◆ Collected material:
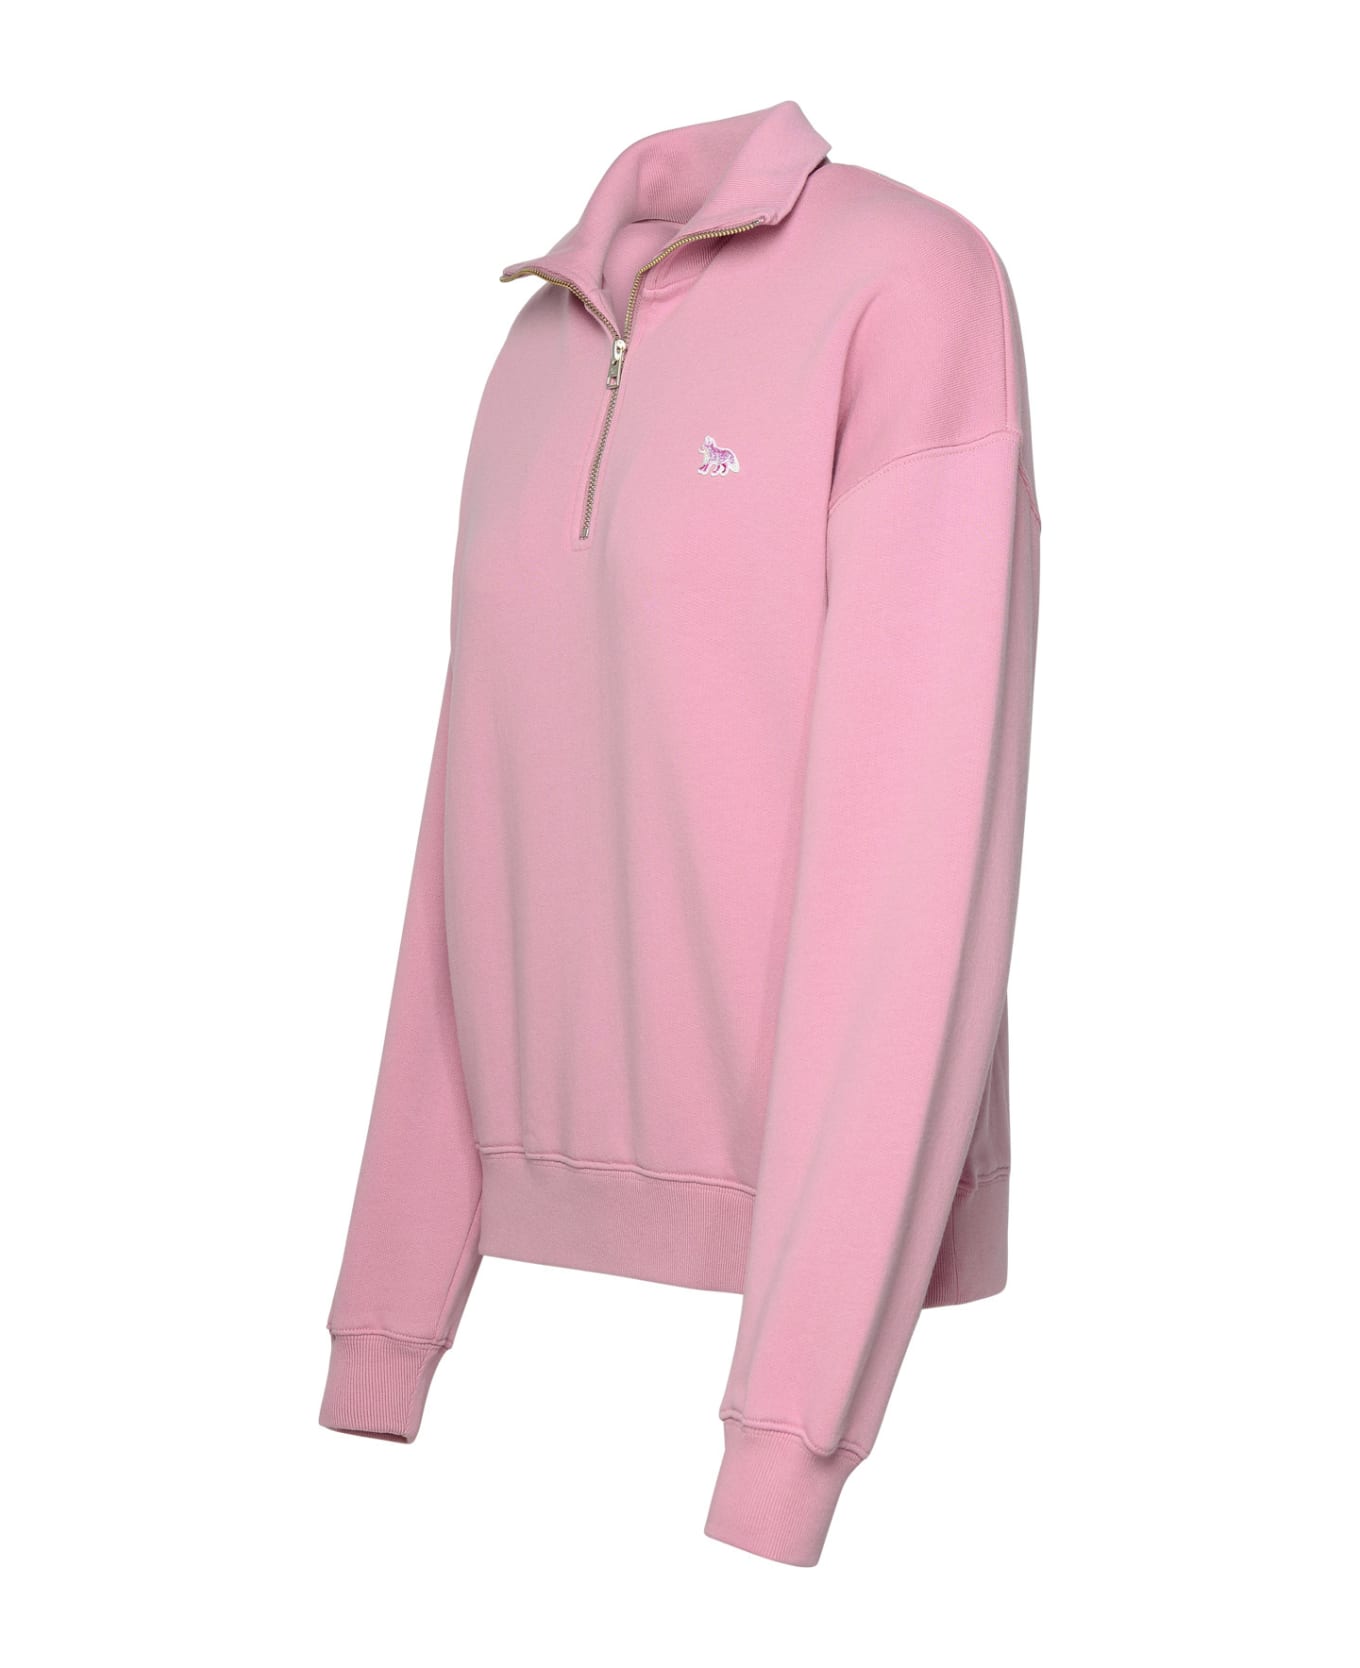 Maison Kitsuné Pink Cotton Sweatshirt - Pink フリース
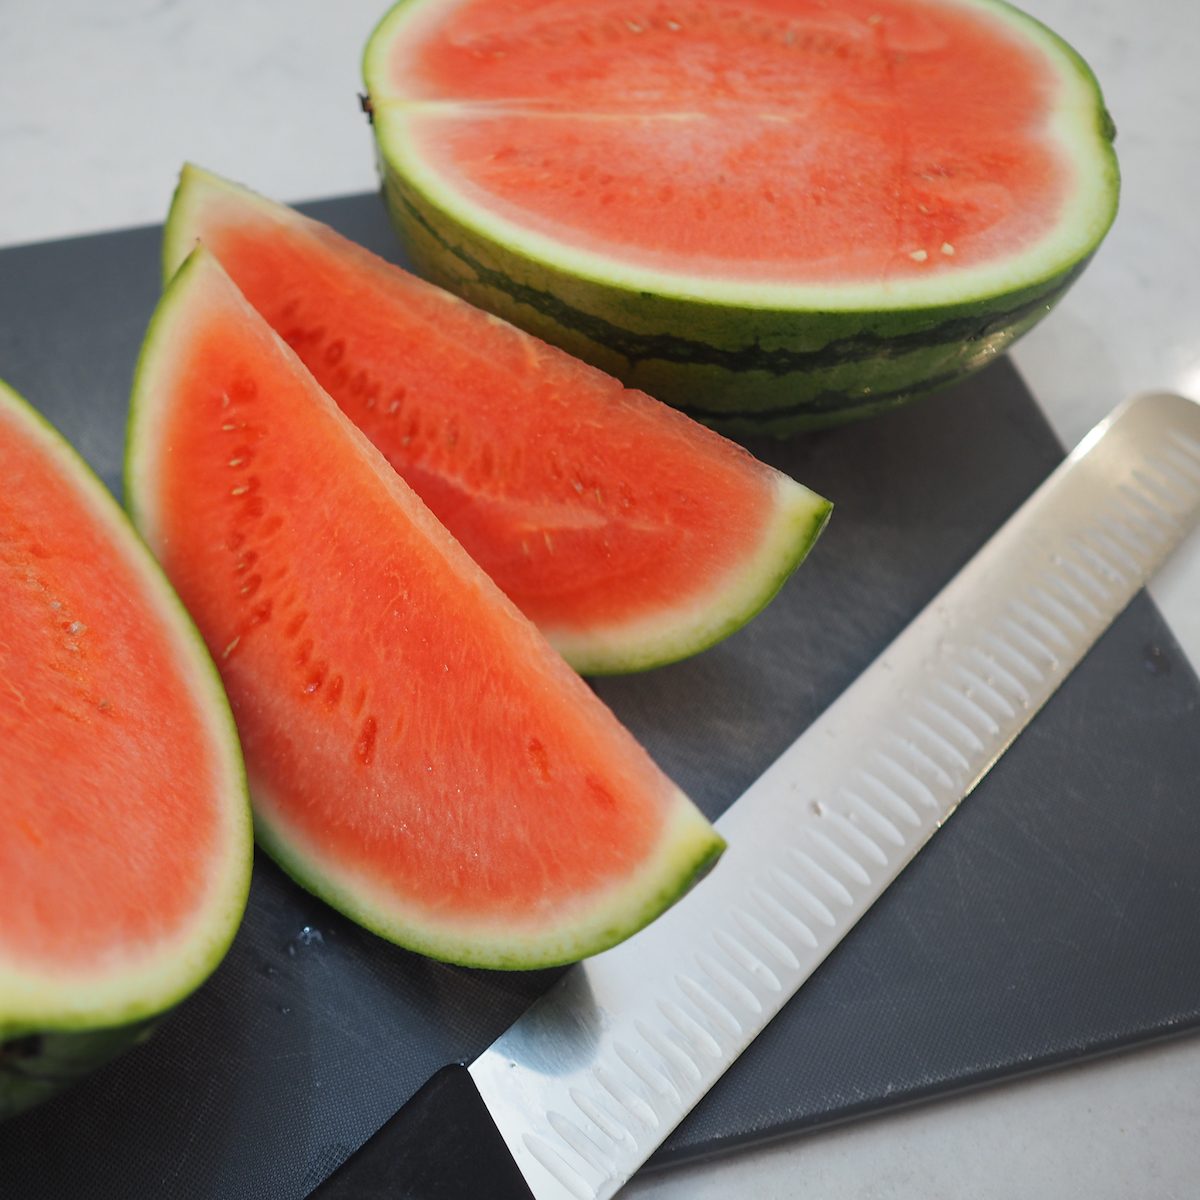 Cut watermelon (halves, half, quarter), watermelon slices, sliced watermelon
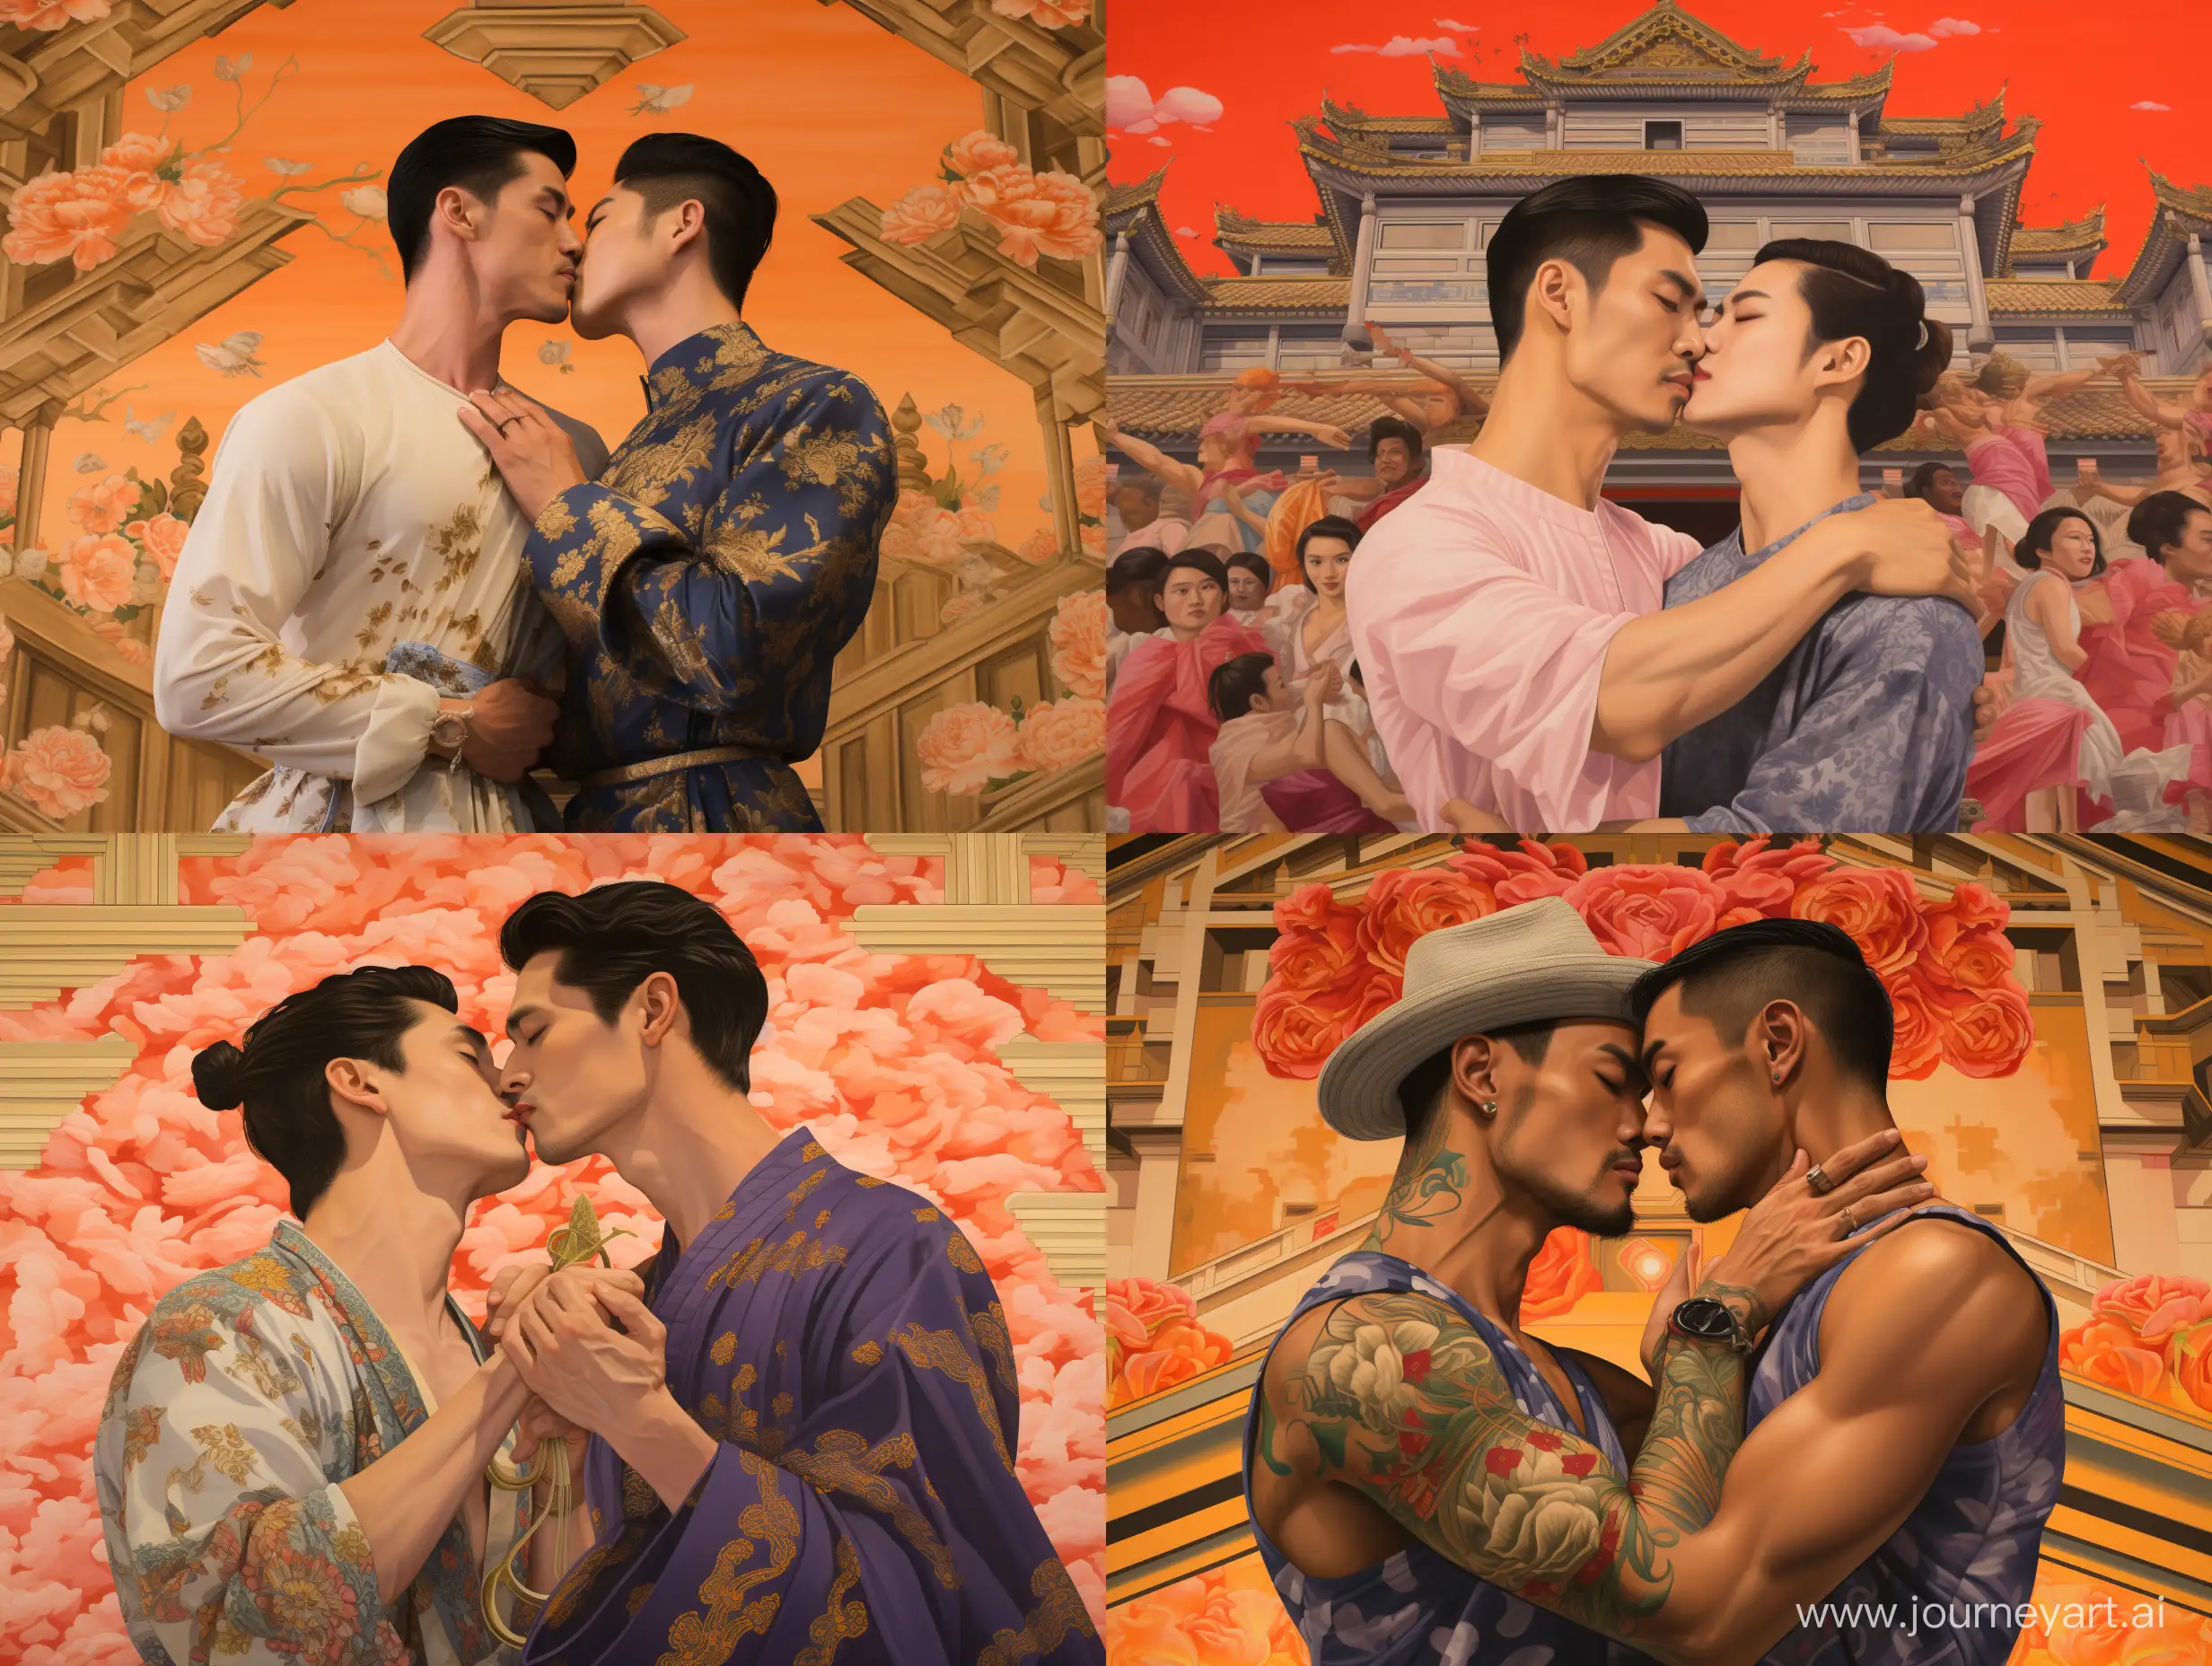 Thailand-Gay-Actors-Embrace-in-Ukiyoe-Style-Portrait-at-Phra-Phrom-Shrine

◆ Exercise requirements:
Starting at the line that contains "Cut watermelon (halves, half, quarter), watermelon" and ending with the last line of the data, transcribe every line exactly; skip the pictures.

◆ Written solution:
 Cut watermelon (halves, half, quarter), watermelon slices, sliced watermelon
 Thailand-Gay-Actors-Embrace-in-Ukiyoe-Style-Portrait-at-Phra-Phrom-Shrine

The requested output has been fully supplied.